NOBODY denies Port of Spain is dying.

That the population of the capital city has fallen from 94,000 to 37,000 in the years since independence is reason enough to make that declaration.

But so too are all the things the casual observer can see.

Despite the high traffic passing through its streets, the city becomes a ghost town at nights. At the best of times, it is a place where people take more pleasure in leaving than arriving.

Million-dollar “master plans” over the years to remedy the city’s parlous state have not been so masterful after all. Issues like flash flooding, street dwelling, pedestrianisation, pollution and lack of public facilities have been addressed, but remain to be comprehensively worked out.

So the Prime Minister’s bid to lure $14 billion in financing into public-private projects in the city triggers the immediate response that we need to go back to basics, and not repeat the mistakes of the past.

Those mistakes will be familiar to Dr Rowley, who sat in cabinets which forged ahead with billion-dollar mega-projects amid widespread concern over poor procurement practices at agencies like Udecott.

Also visible to the casual observer: the huge buildings in the central business district built in anticipation of a renaissance that never came – an “international financial centre,” a massive “government campus plaza,” office towers, academies. The very location of Dr Rowley’s announcement – a posh hotel with more rooms than visitors – is among them.

Have we learned from the past? Though the Prime Minister may be anxious to get things going – especially since there have been 16 plans or reports on the city before now – it is still worth asking whether there was adequate consultation on the latest initiative.

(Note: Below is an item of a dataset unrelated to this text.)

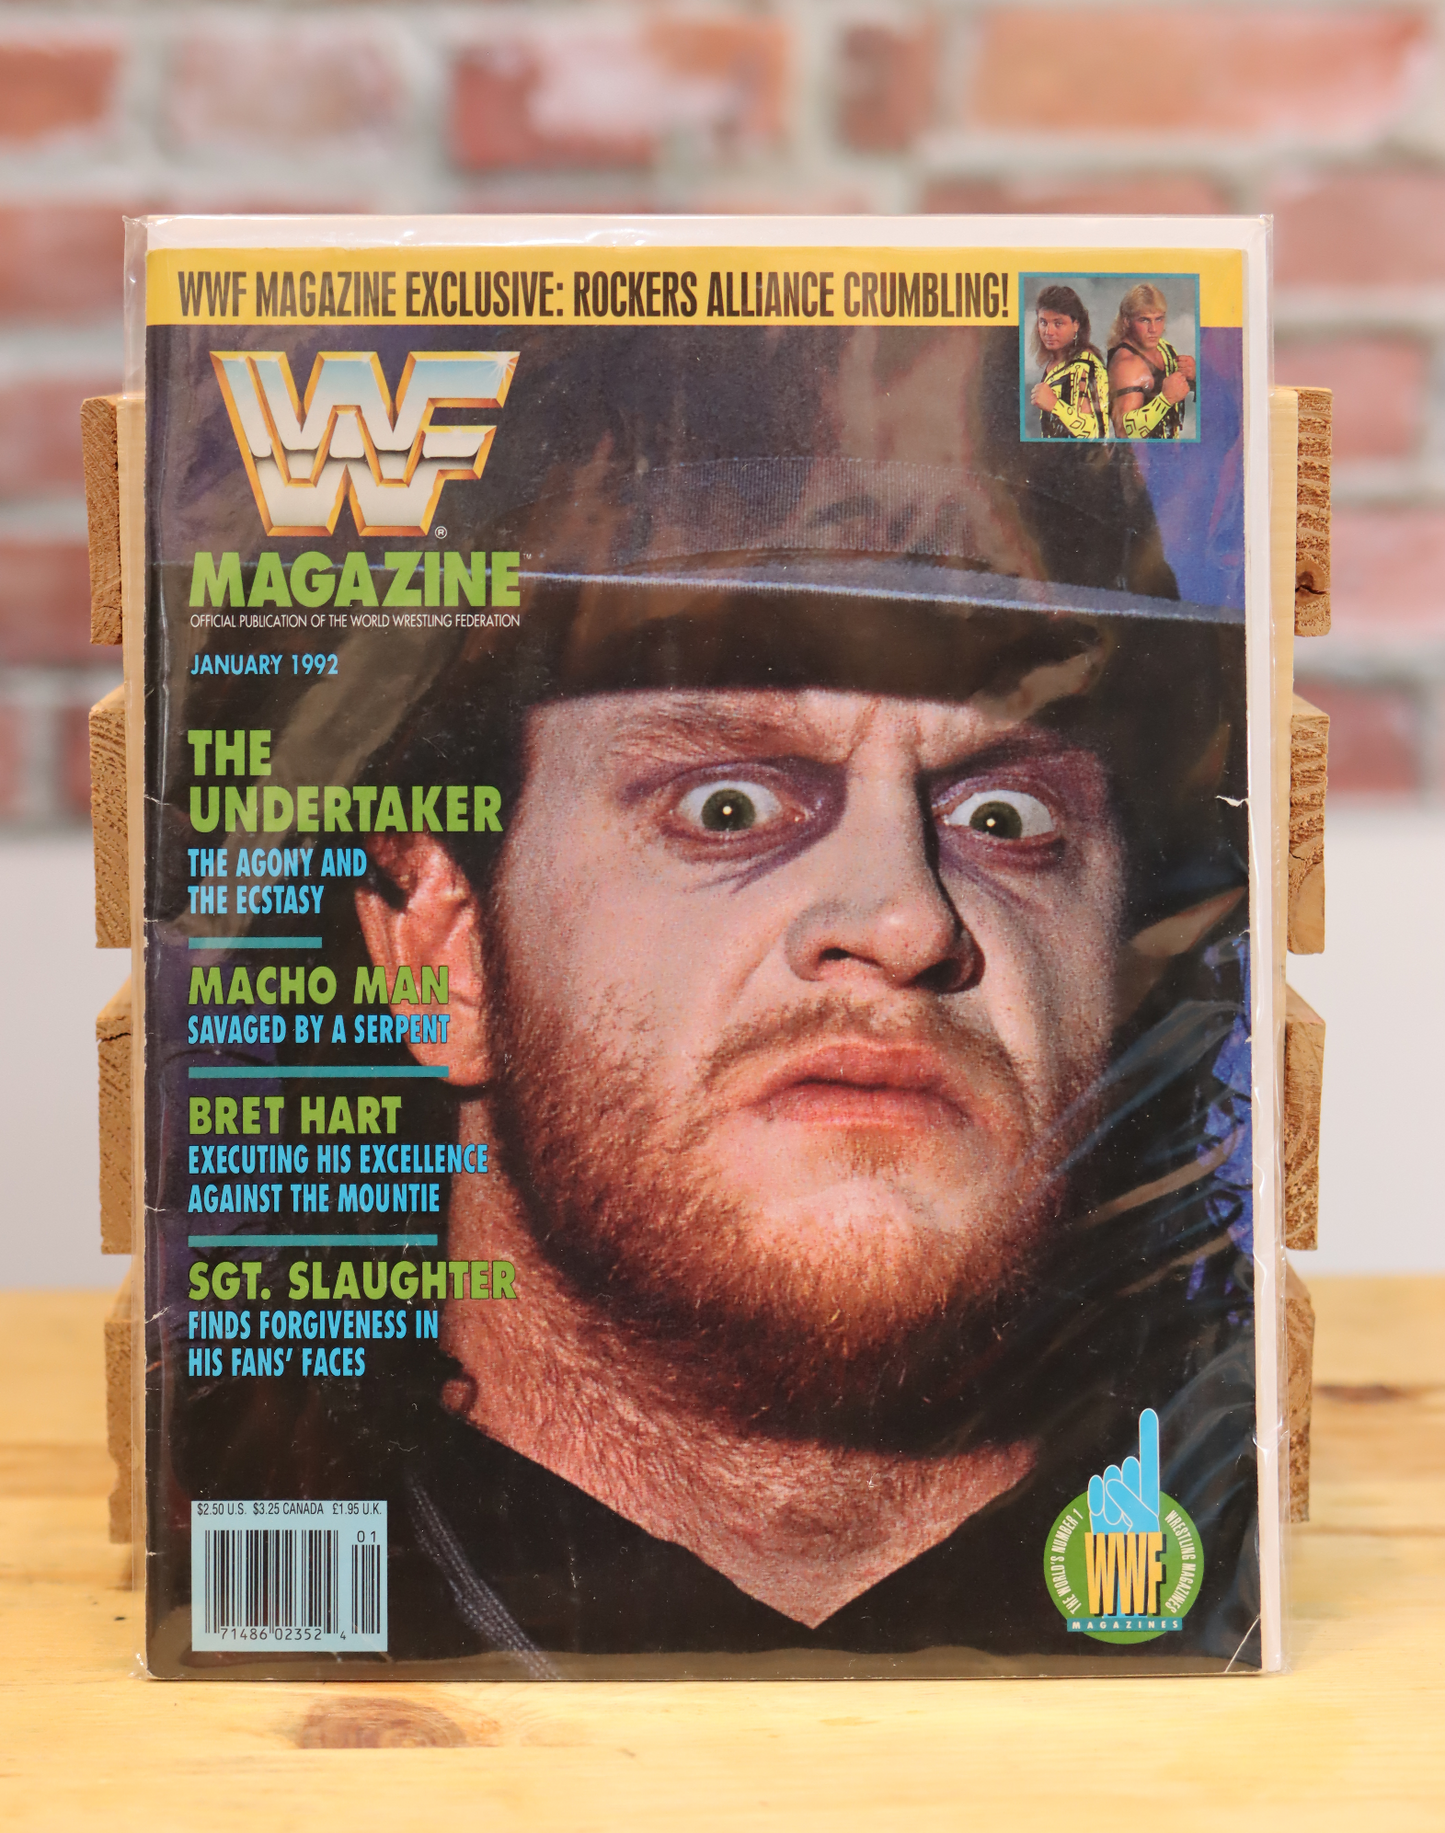 Original WWF WWE Vintage Wrestling Magazine The Undertaker (January 1992)

Meanwhile, the invocation of the “public-private partnership” model should not turn attention away from the most unsatisfactory fact that there seems to be little desire to do anything more than make token gestures when it comes to new procurement legislation.

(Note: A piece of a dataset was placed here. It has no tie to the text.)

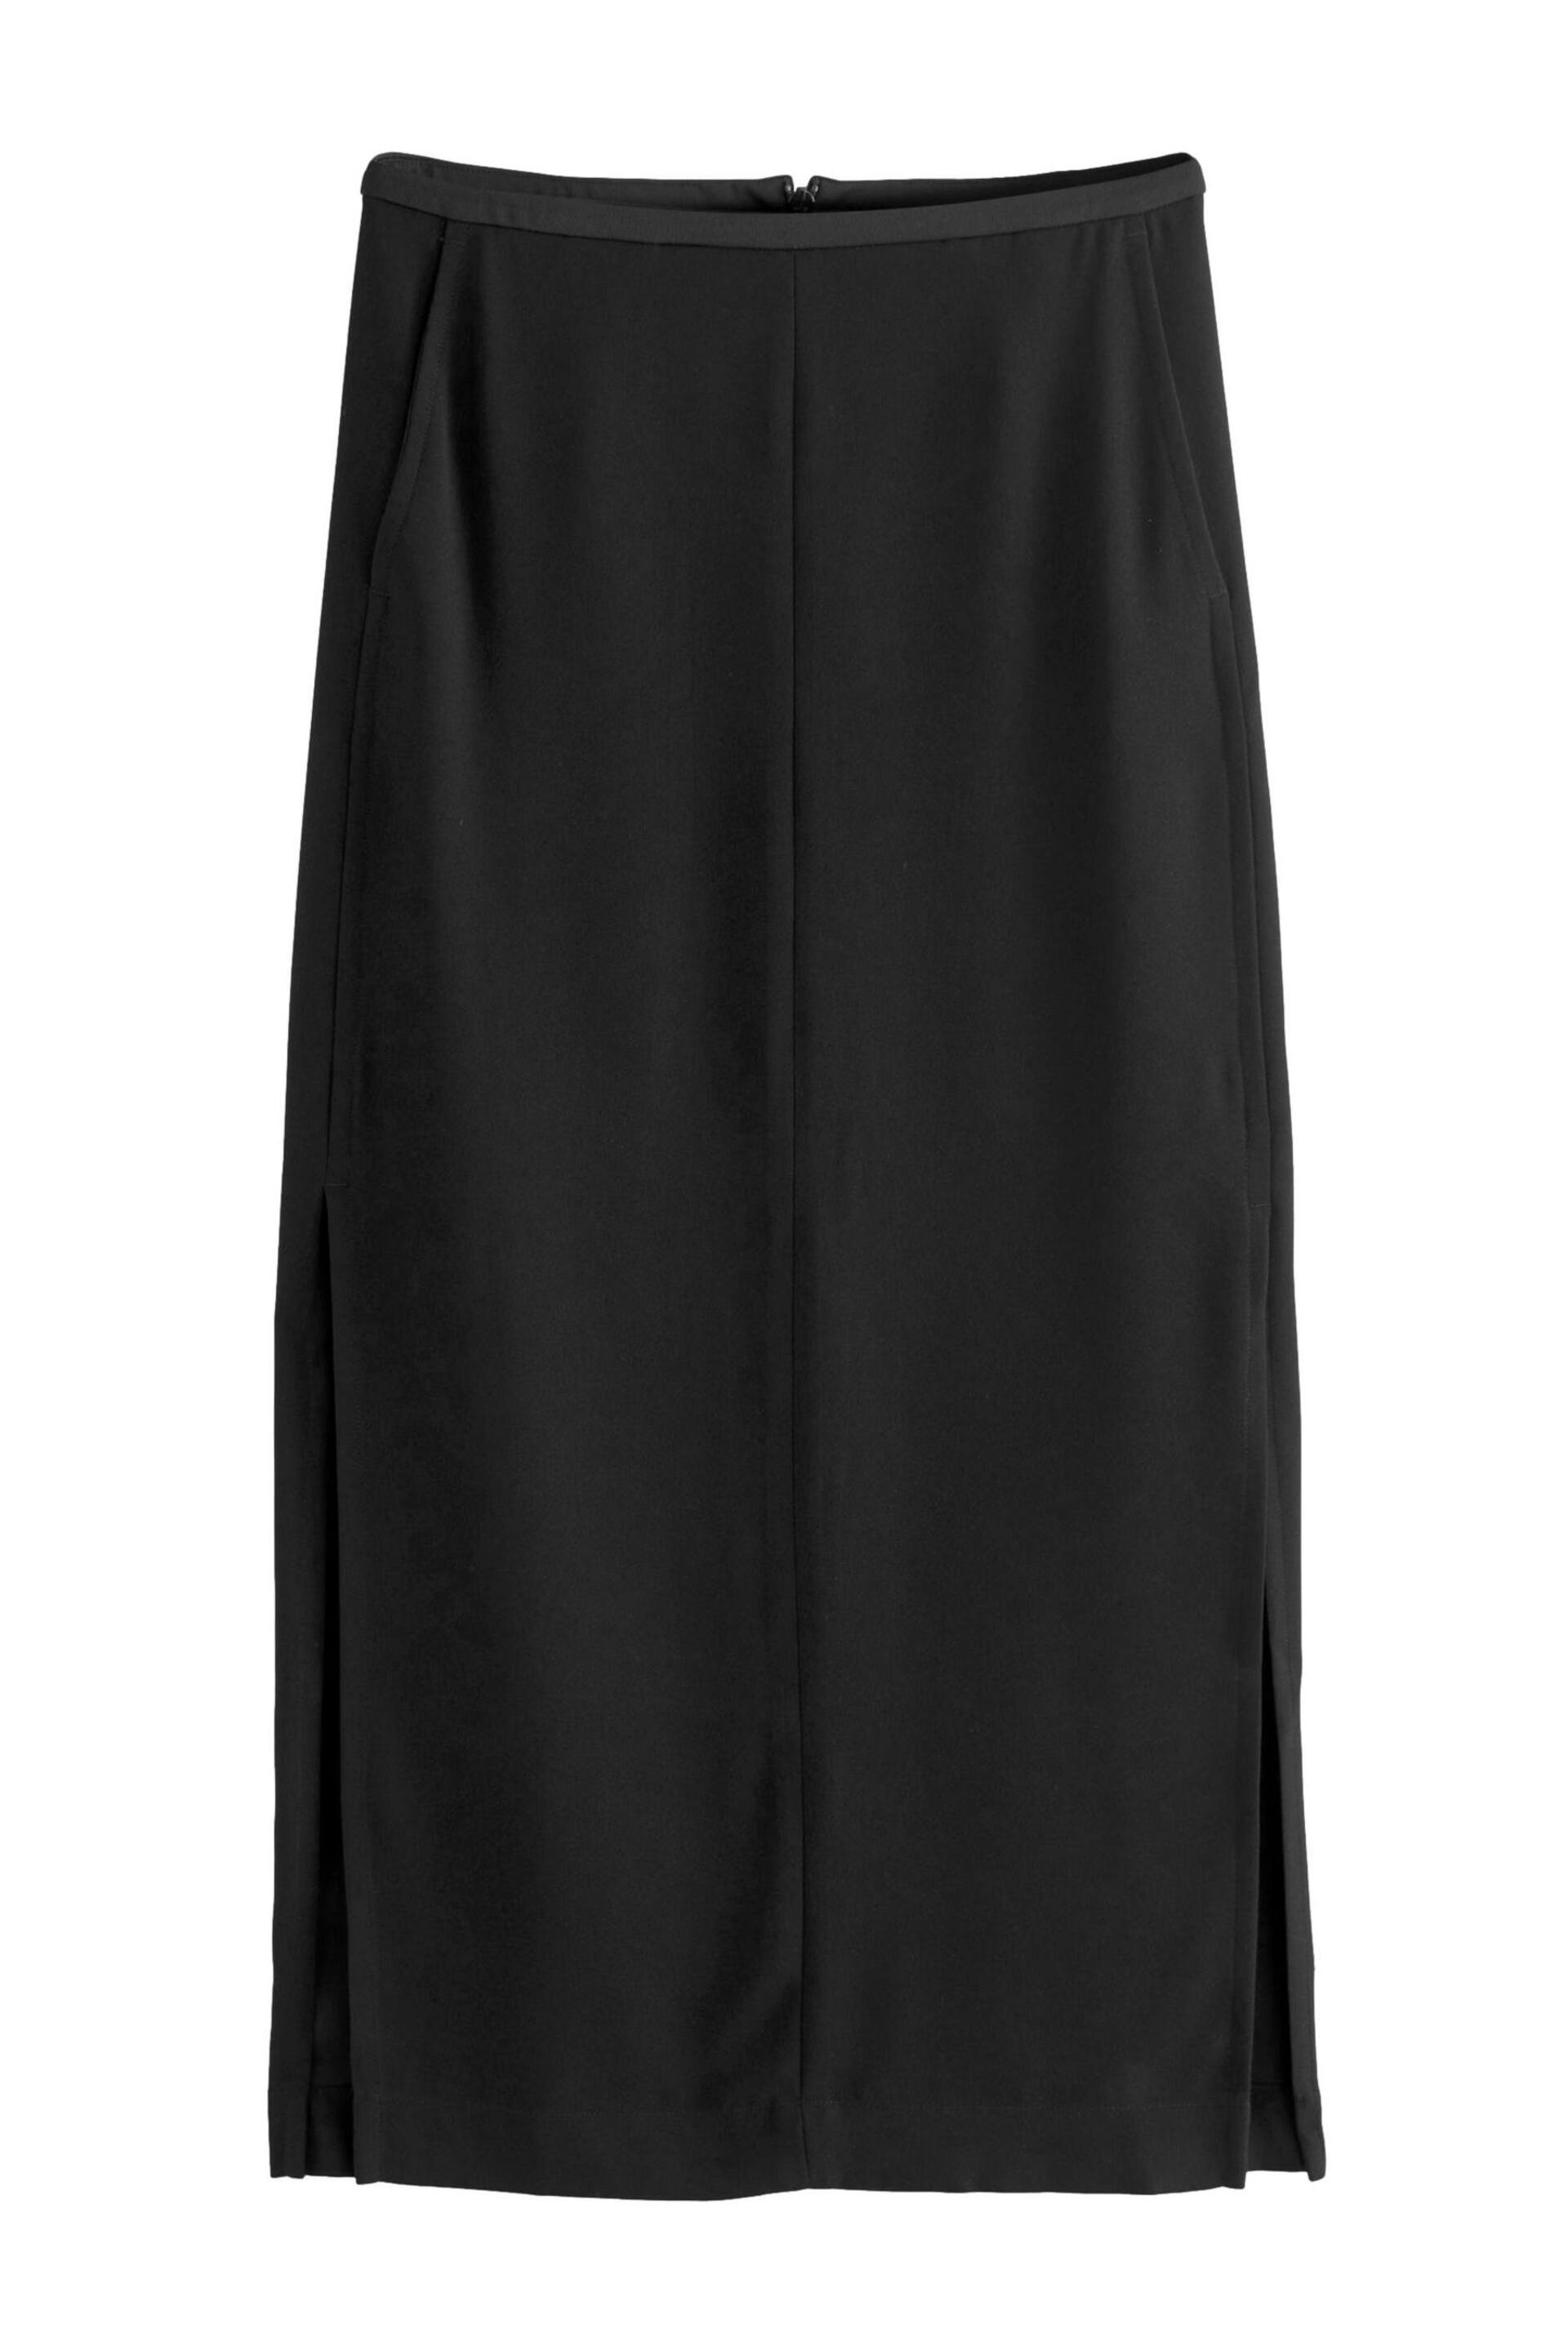 Black Tailored Crepe Column Skirt - Image 5 of 6

That law is supposed to regulate the use of public resources and limit abuse. Instead, politicians have been proclaiming it piecemeal, setting up offices and boards here and there, while the civil service takes its time to get ready.

The news is not all bad, however.

Dr Rowley is right that now is the time to act. He himself has overseen an impressive array of projects that have restored lustre to part of the city.

Looking at revamped sites such as the Magnificent Seven around the Savannah, it is easier to remember our capital once hosted figures like Queen Elizabeth, Barack Obama, Joe Biden, Hillary Clinton, Ban Ki Moon, Xi Jinping, Fidel Castro and even Donald Trump.

But getting ordinary citizens to feel safe and at home in the city – that should be the Government’s first focus.